ECLI:NL:CRVB:2024:1299
Centrale Raad van Beroep
- Hoger beroep
- Rechtspraak.nl
Verlaging van ZW-uitkering wegens niet-naleving re-integratieverplichtingen
In deze zaak heeft de Centrale Raad van Beroep op 3 juli 2024 uitspraak gedaan in hoger beroep tegen een eerdere uitspraak van de rechtbank Overijssel. De appellant, die werkzaam was als productiemedewerker, had zijn ZW-uitkering met 25% verlaagd gekregen door het Uwv omdat hij zich niet aan zijn re-integratieverplichtingen had gehouden. Appellant stelde dat hij zich ziek had gemeld en daarom niet op de re-integratieplek was verschenen. De rechtbank had het beroep van appellant ongegrond verklaard, en het Uwv had de maatregel terecht opgelegd. De Raad heeft de zaak behandeld op een zitting op 10 april 2024, waar appellant werd bijgestaan door zijn advocaat, mr. L. de Widt, en het Uwv werd vertegenwoordigd door T. van der Weert.

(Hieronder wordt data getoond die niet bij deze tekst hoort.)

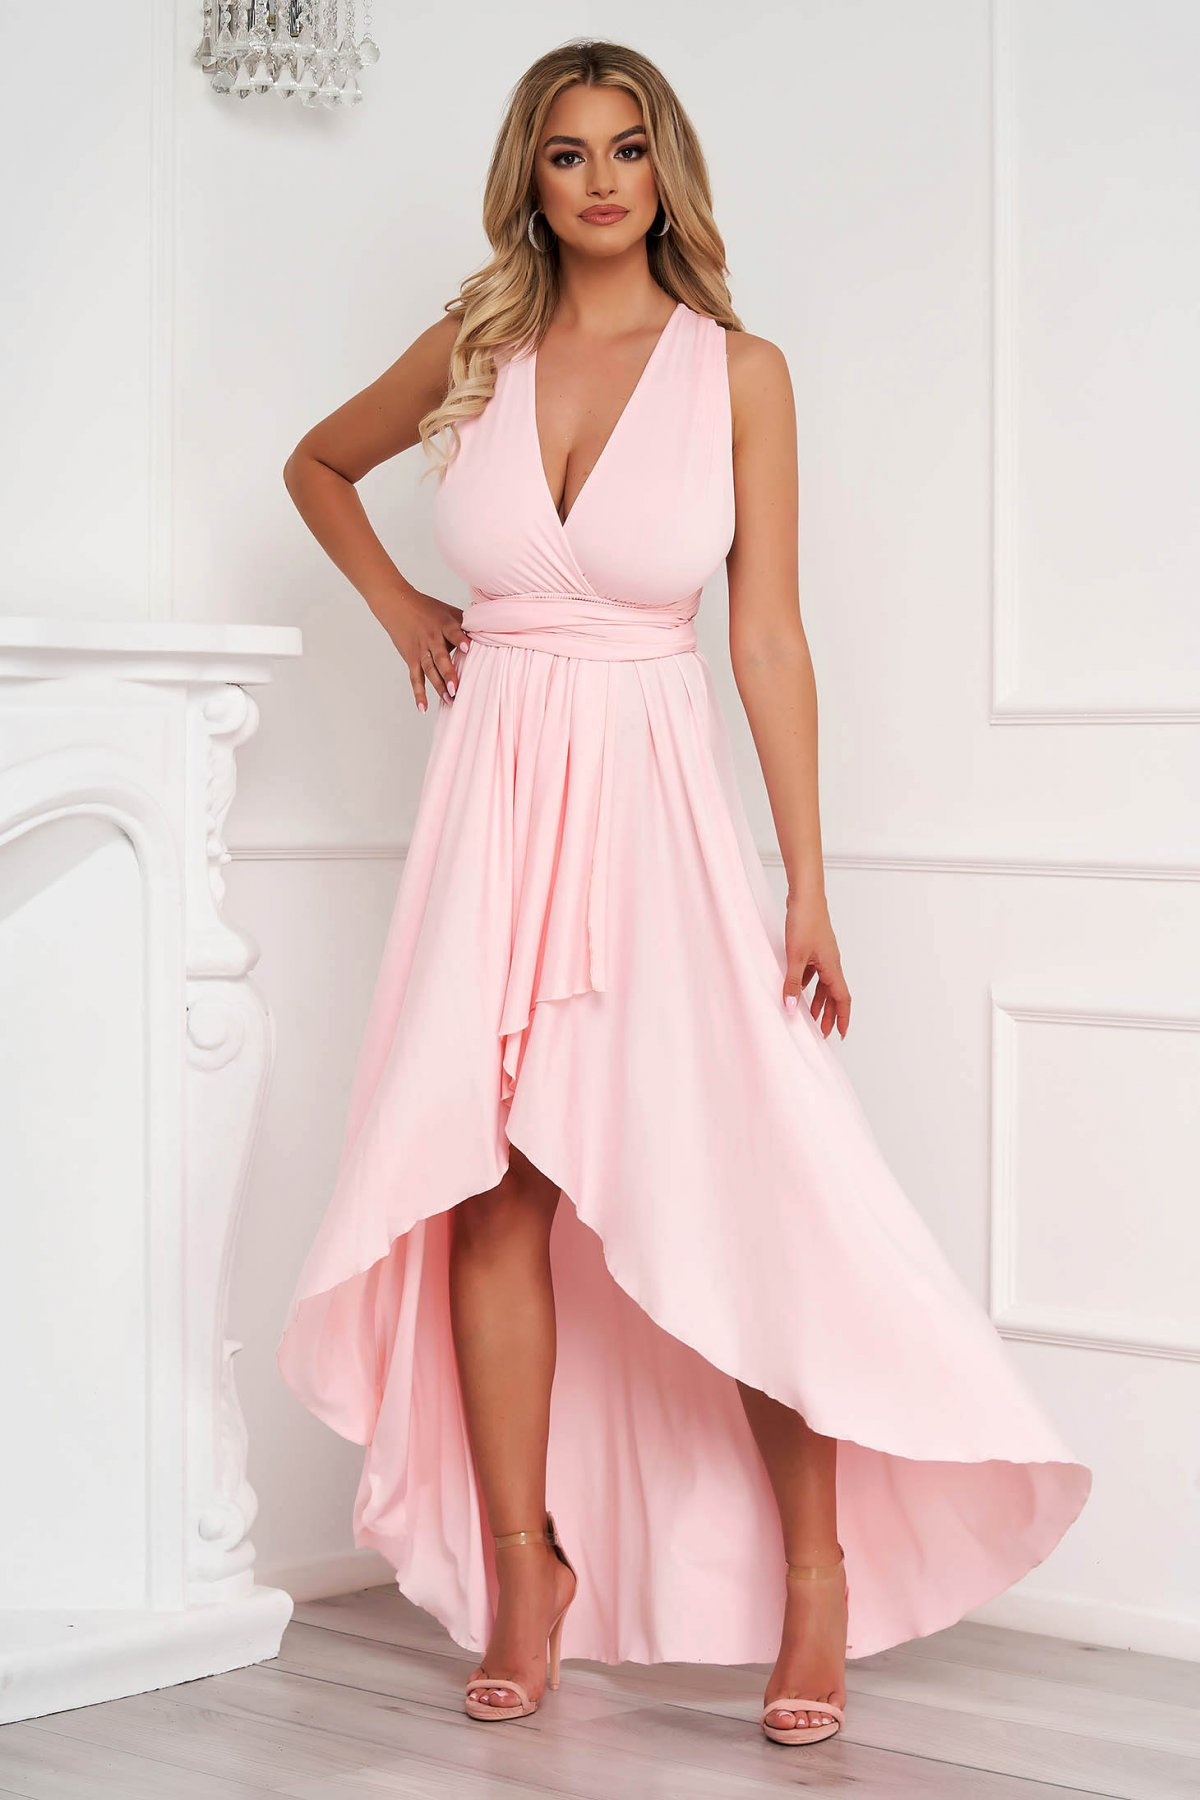 Rochie Lady Pandora roz deschis asimetrica de ocazie in clos din material elastic cu spatele gol

De Raad heeft vastgesteld dat appellant op 4 november 2020 niet op de re-integratieplek is verschenen en dat hij op 5 november 2020 telefonisch niet bereikbaar was. Het Uwv had op basis van deze feiten de maatregel opgelegd, en de Raad oordeelde dat de rechtbank terecht had geoordeeld dat appellant zich niet aan zijn verplichtingen had gehouden. De Raad heeft ook overwogen dat de opgelegde maatregel niet onevenredig was, ondanks de financiële gevolgen voor appellant. De Raad bevestigde de uitspraak van de rechtbank en handhaafde de verlaging van de ZW-uitkering met 25% gedurende vier maanden.